In Österreich ist sie noch nicht üblich: Sexualbegleitung für Menschen mit schweren geistigen Behinderungen
Das Liebesleben behinderter Menschen ist ein Tabuthema.
Aufzählung Begleiter wollen helfen, dürfen aber nicht.
Sexualität bei Menschen mit schweren Behinderungen ist noch immer ein Tabu. Eigentlich mehr als das: "Sexualität bei Behinderung wird als gar nicht vorhanden wahrgenommen" meint Otto Lambauer, zuständig für die Behindertenarbeit der Caritas. Aber auch Menschen mit schwerer geistiger Behinderung haben das Bedürfnis nach Nähe und Sexualität.

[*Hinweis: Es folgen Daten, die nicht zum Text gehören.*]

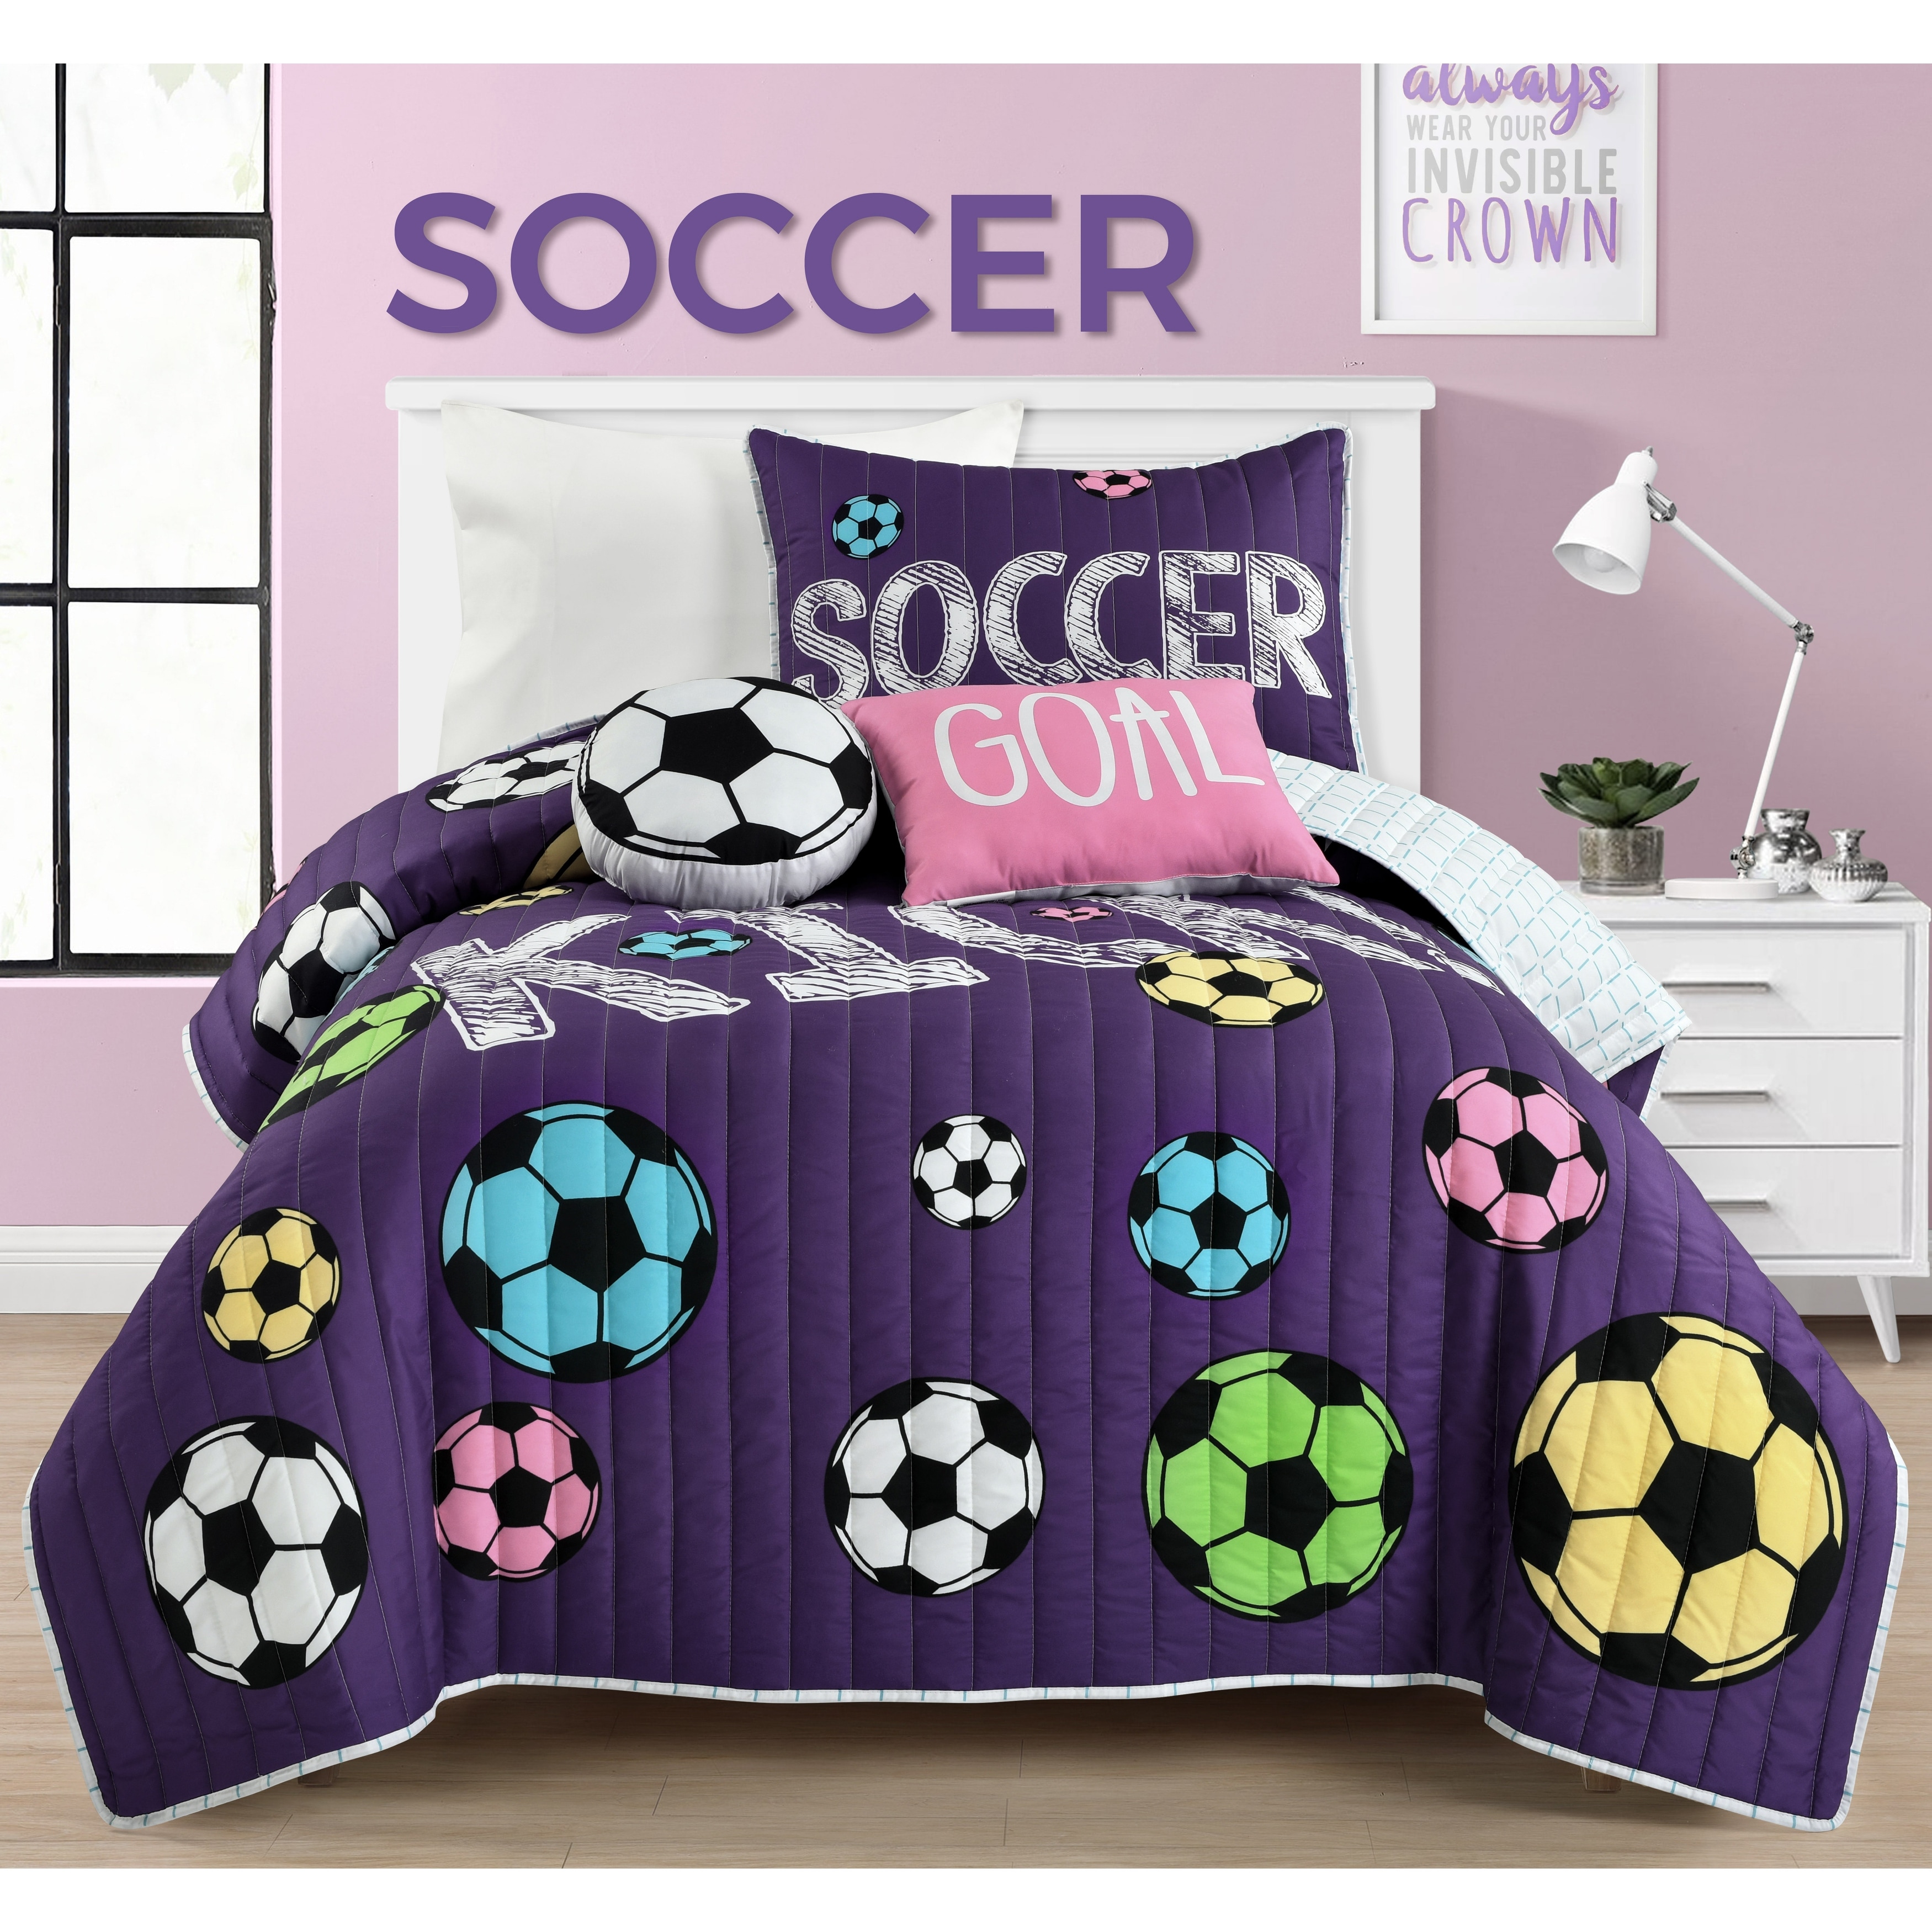 Soccer Geometric Microfiber Fitted Sheet East Urban Home Size: Full/Double

In Deutschland und der Schweiz gibt es daher die sogenannte
"Sexualassistenz" oder "Sexualbegleitung", die Menschen mit schweren Einschränkungen zu einem selbstbestimmten Sexualleben verhelfen möchte. Sexualassistenz kann sowohl Hautkontakt, Streicheln, das Berühren des Intimbereichs – bis zum Orgasmus oder Geschlechtsverkehr – umfassen. Die Sexualassistenten begreifen sich als Dienstleister und nicht als Beziehungsersatz.

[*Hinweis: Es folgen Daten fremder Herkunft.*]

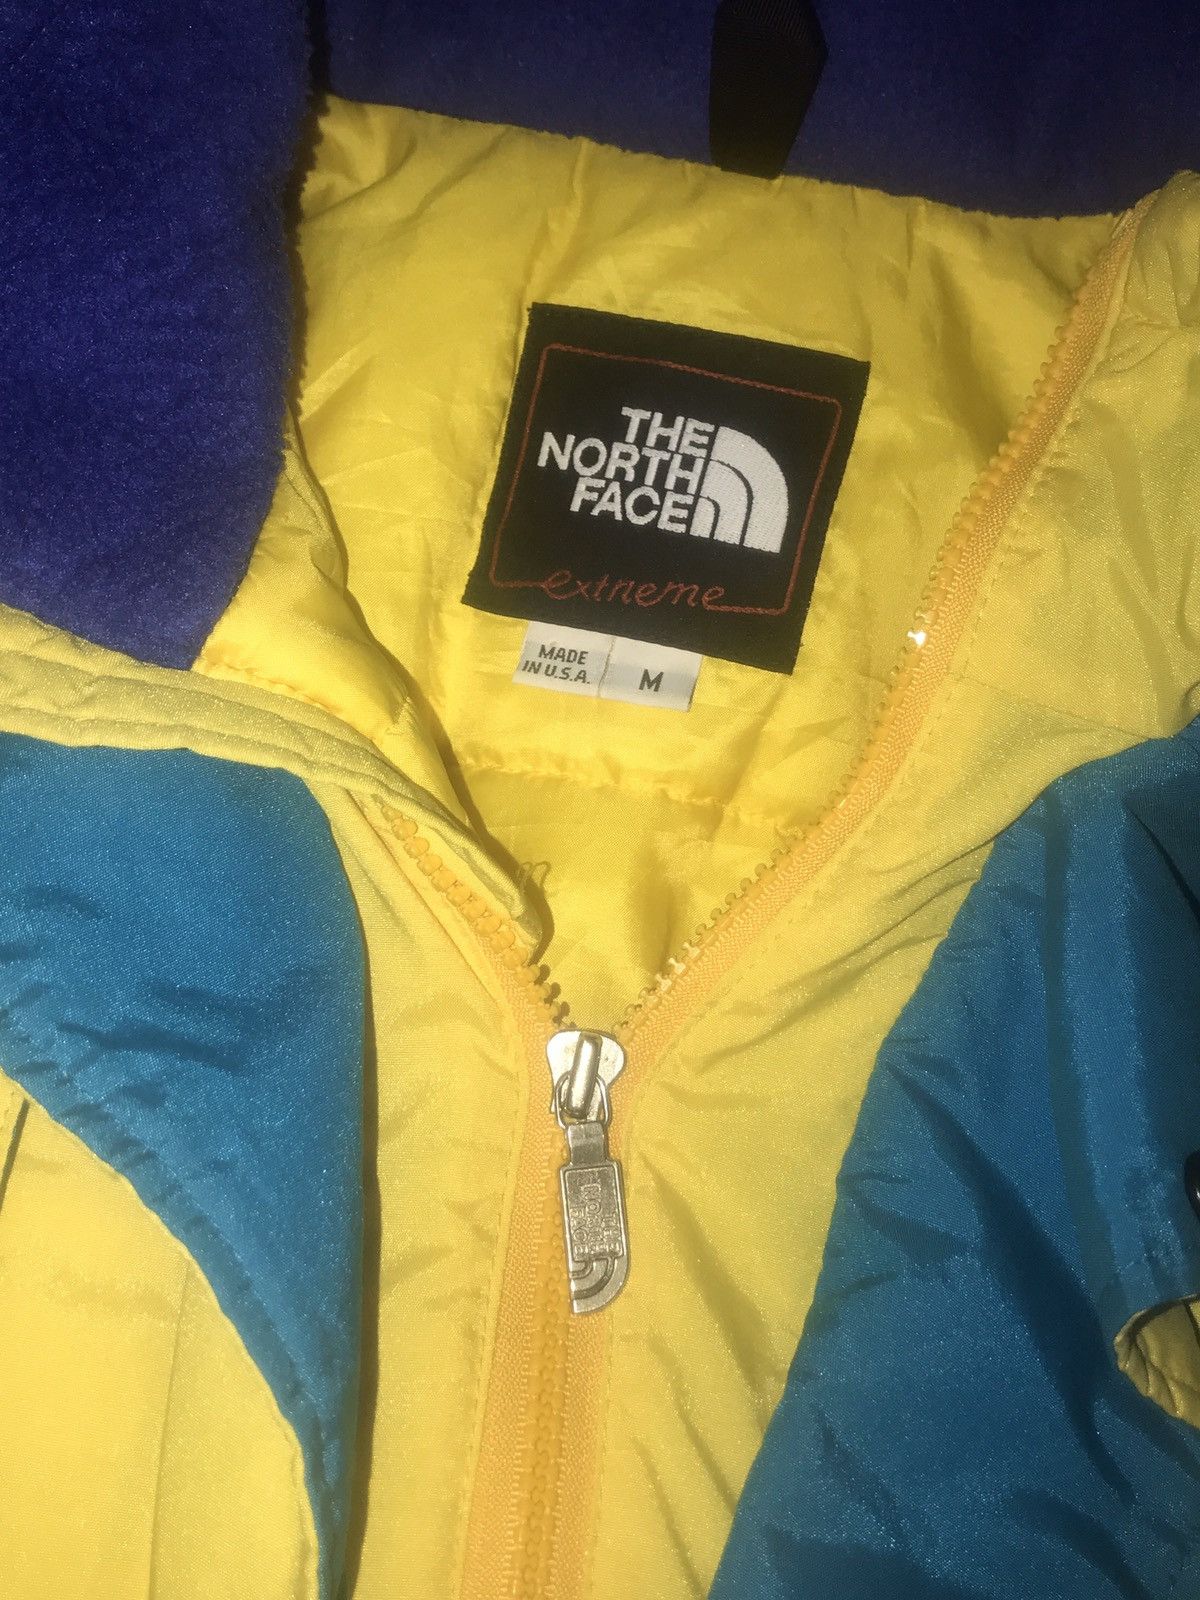 The North Face Vintage the north face extreme jacket Size US M / EU 48-50 / 2 - 2 Preview

In Österreich fällt Sexualassistenz unter das Prostitutionsgesetz. Sie gilt als Zuführung zur Prostitution, da es sich um die "gewerbsmäßige Vornahme einer sexuellen Handlung" oder "die gewerbsmäßige Duldung sexueller Handlungen am eigenen Körper" handelt. Die Prostitutionsgesetze sind Landessache, aber ähneln einander inhaltlich. Rechtlich gesehen gelten das Berühren der weiblichen Brust, der Geschlechtsteile oder erotische Massagen als Prostitution. Wird solch ein Angebot zwei bis dreimal im Monat angenommen, fällt das bereits unter erwerbsmäßige Prostitution. Die ist nur registrierten Prostituierten erlaubt.
Einen Vorstoß in Richtung Gesetzesänderung für Sexualassistenz hat nun der soziale Dienstleister "Alpha Nova" in der Steiermark unternommen. Margit Schmiedbauer, Initiatorin des Projektes "Libida" fordert neue rechtliche Rahmenbedingungen, die Sexualassistenten ihre Arbeit ermöglichen sollen. Auch Geschlechtsverkehr im Rahmen einer Sexualbegleitung für behinderte Menschen soll möglich werden. Die Kosten würden sich auf 70 Euro pro Stunde belaufen.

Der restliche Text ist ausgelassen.